Verteporfin reduces YAP transcriptional activity and phosphorylation of S6 in absence of light. HBEC3s transduced with GFP, YAP (WT), or YAP (S127A) lentiviral vectors were treated with either vehicle (DMSO) or verteporfin (2.0 or 10.0 μg/ml) for 48 hours (n = 3). (A) Western blot for YAP and p-S6 following a verteporfin dose curve in complete darkness show reduced total YAP and p-S6. (B) Western blot analysis of YAP and p-S6 following verteporfin treatment for 48 hours with MHY1485 treatment for the final 24 hours shows increased YAP after mTOR activation. Addition of MG132 for the final 24 hours of verteporfin treatment protects YAP from degradation caused by verteporfin. (C) Yap, JUB, CTGF, AXL, PLAU, and WNT7B RNAs were assessed in experiments performed in complete darkness (n = 4 transfections). RNA expression is normalized to DMSO-treated cells. *P < 0.05, determined by ANOVA. HBEC3s, hTERT/CDK4–immortalized human bronchiolar epithelial cells.
Temsirolimus blocks nuclear YAP, YAP-induced gene targets, cell proliferation and migration. To test if mTOR influences YAP activity, HBEC3s expressing YAP (WT) or YAP (S127A) were treated with temsirolimus, an inhibitor of the mTOR pathway. Temsirolimus reduced YAP-mediated cell proliferation but did not affect cell viability (Supplemental Figure 3, B and C). Temsirolimus inhibited phosphorylation of S6 and remarkably, reduced nuclear YAP staining (Figure 8, A and B). Proteasome blocking with MG132 or activation of mTOR with MHY1485 did not prevent the loss of YAP by temsirolimus (Supplemental Figure 3D). Consistent with the inhibitory effect of temsirolimus on YAP activity, CTGF, JUB, and AXL were reduced (Figure 8C and Supplemental Figure 5). To further assess the interaction of YAP/mTOR in regulating cell behavior, migration scratch assays were performed in HBEC3s expressing YAP (WT) and YAP (S127A).

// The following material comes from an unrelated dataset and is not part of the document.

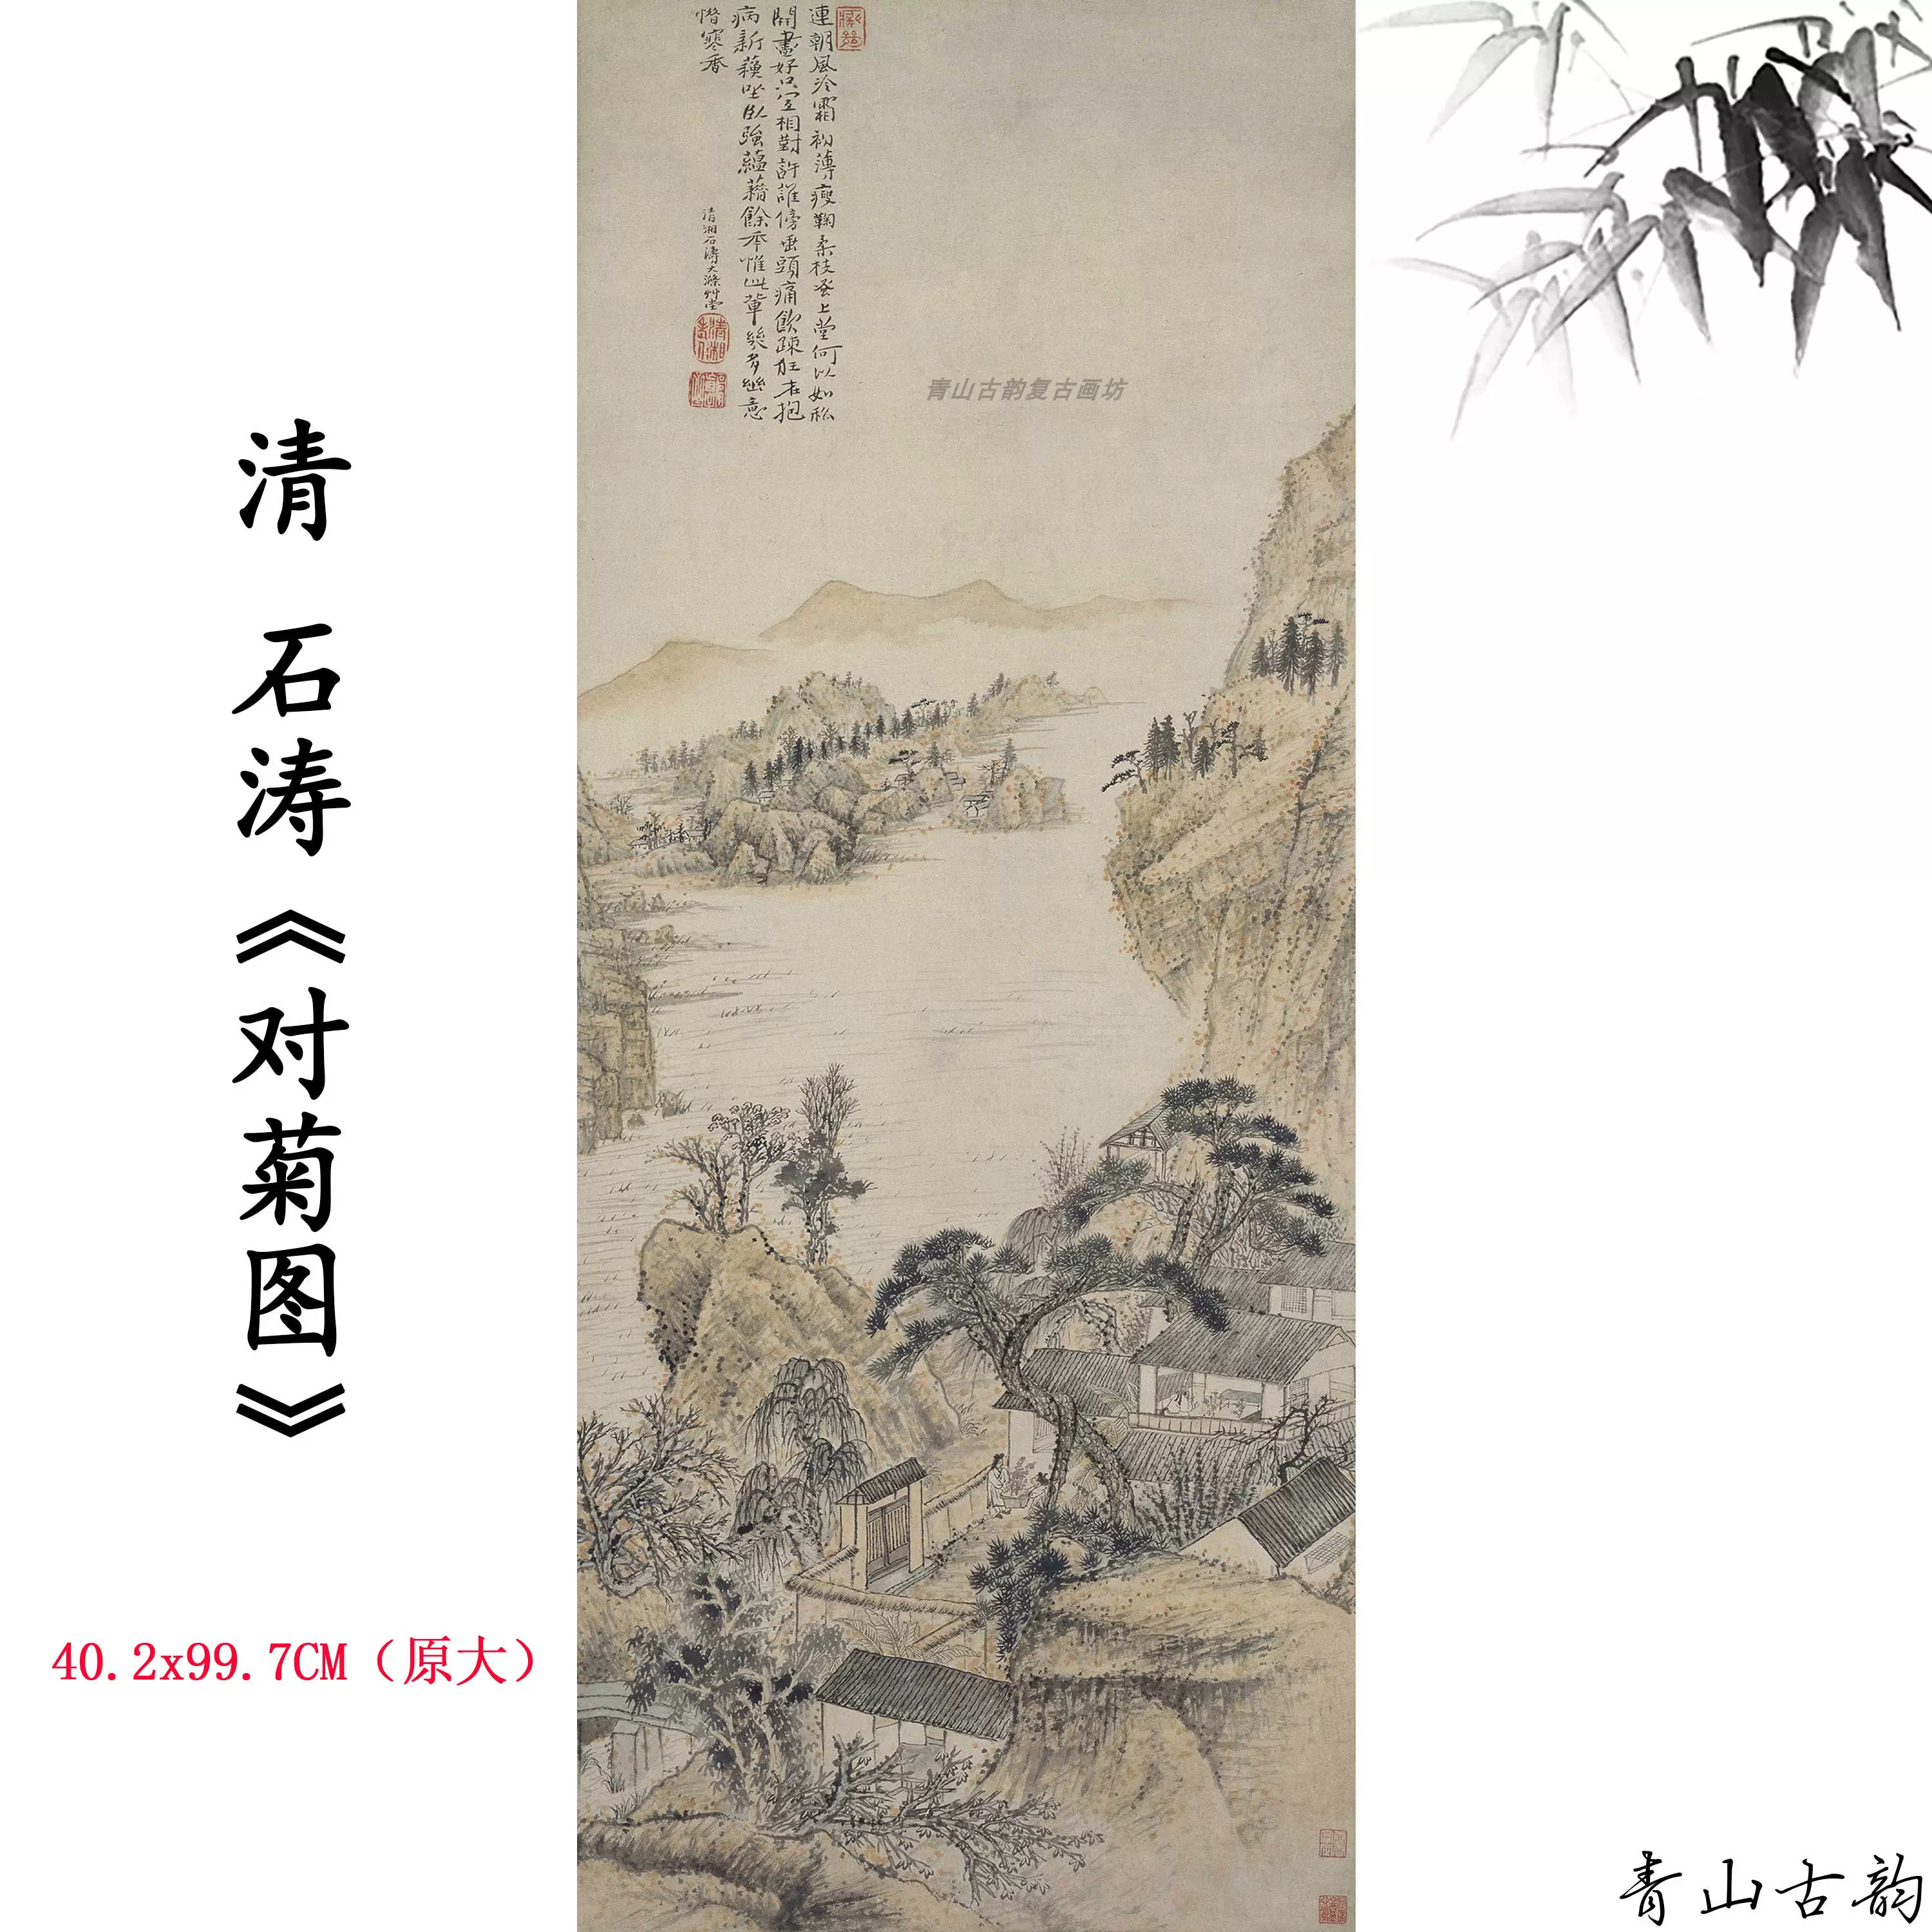 1:1清石濤對菊圖軸立軸掛畫國畫山水畫裝飾畫微噴複製臨摹範本-Taobao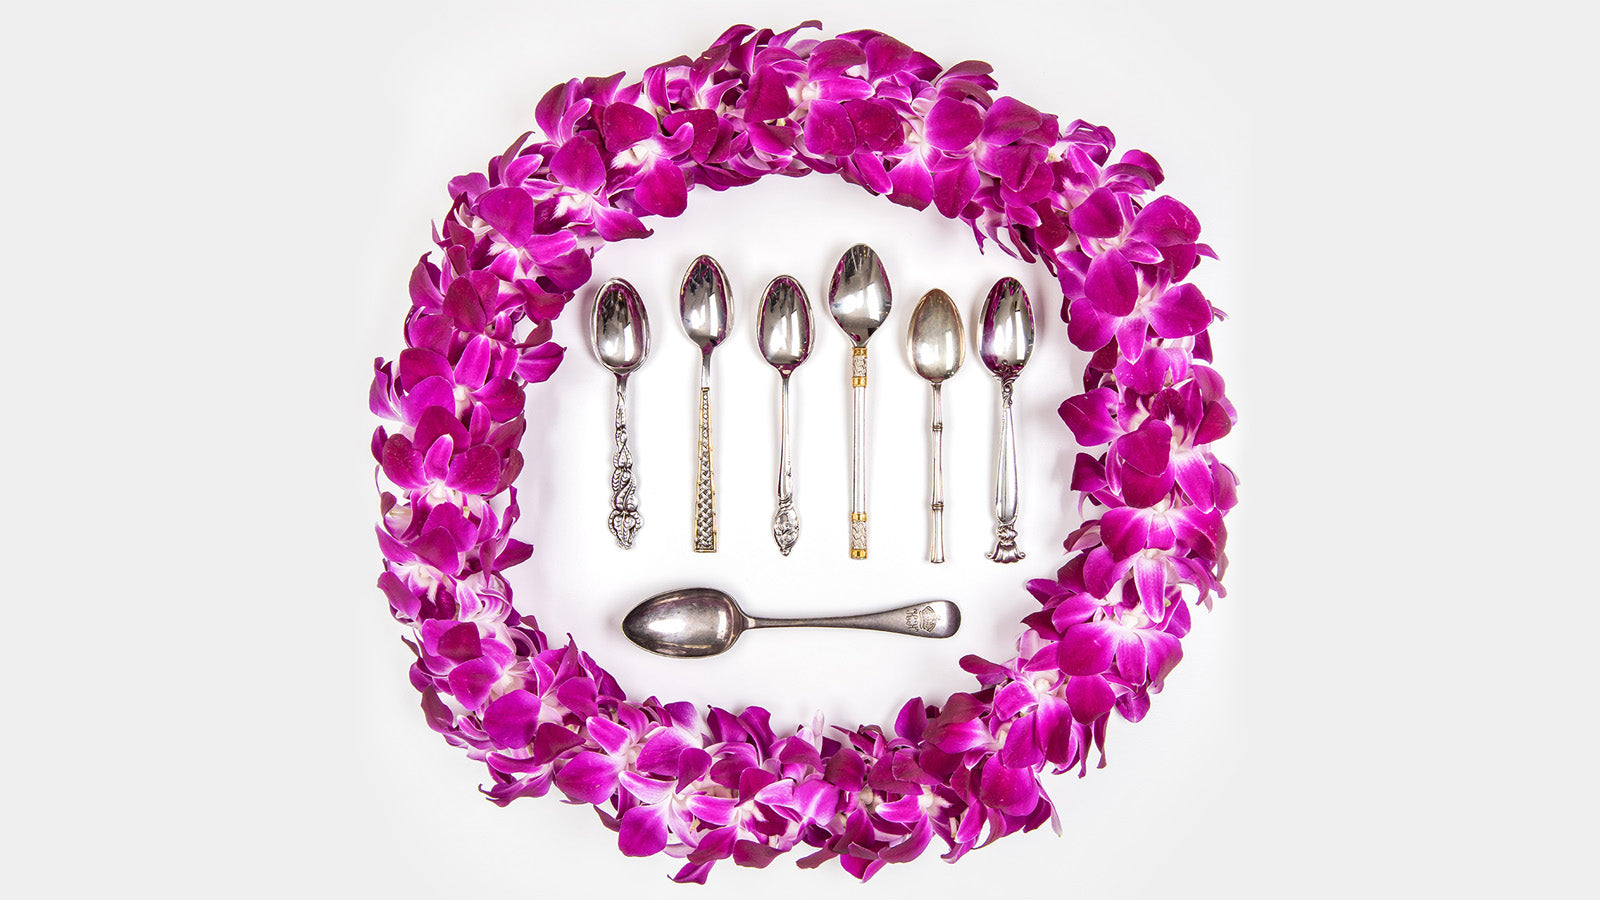 Hawaiian silverware

Temsirolimus prevented YAP-induced cell migration in scratch assays (Figure 8D and Supplemental Figure 3A), supporting a network in which mTOR signaling cooperates with YAP to regulate epithelial cell migration and proliferation.
Temsirolimus inhibits phosphorylation of S6, YAP transcriptional activity, and YAP-induced migration. (A) Representative immunofluorescence microscopy was performed in HBEC3s transfected with GFP, YAP (WT), and YAP (S127A) and stained for p-S6 (green) and YAP (red) in the presence of temsirolimus (25 μg/ml) or DMSO (n = 5). Scale bars: 10 μm. (B) Western blot analysis of YAP following temsirolimus treatments shows reduced total YAP expression. (C) YAP, JUB, AXL, and CTGF RNAs were assessed after 48 hours (n = 3). RNA expression is normalized to DMSO-treated cells. (D) Time-lapse imaging of HBEC3s transduced with YAP (S127A) following treatment with temsirolimus at T = 0, 8, and 16 hours of a scratch assay (n = 3). *P < 0.05, assessed by ANOVA. HBEC3s, hTERT/CDK4–immortalized human bronchiolar epithelial cells.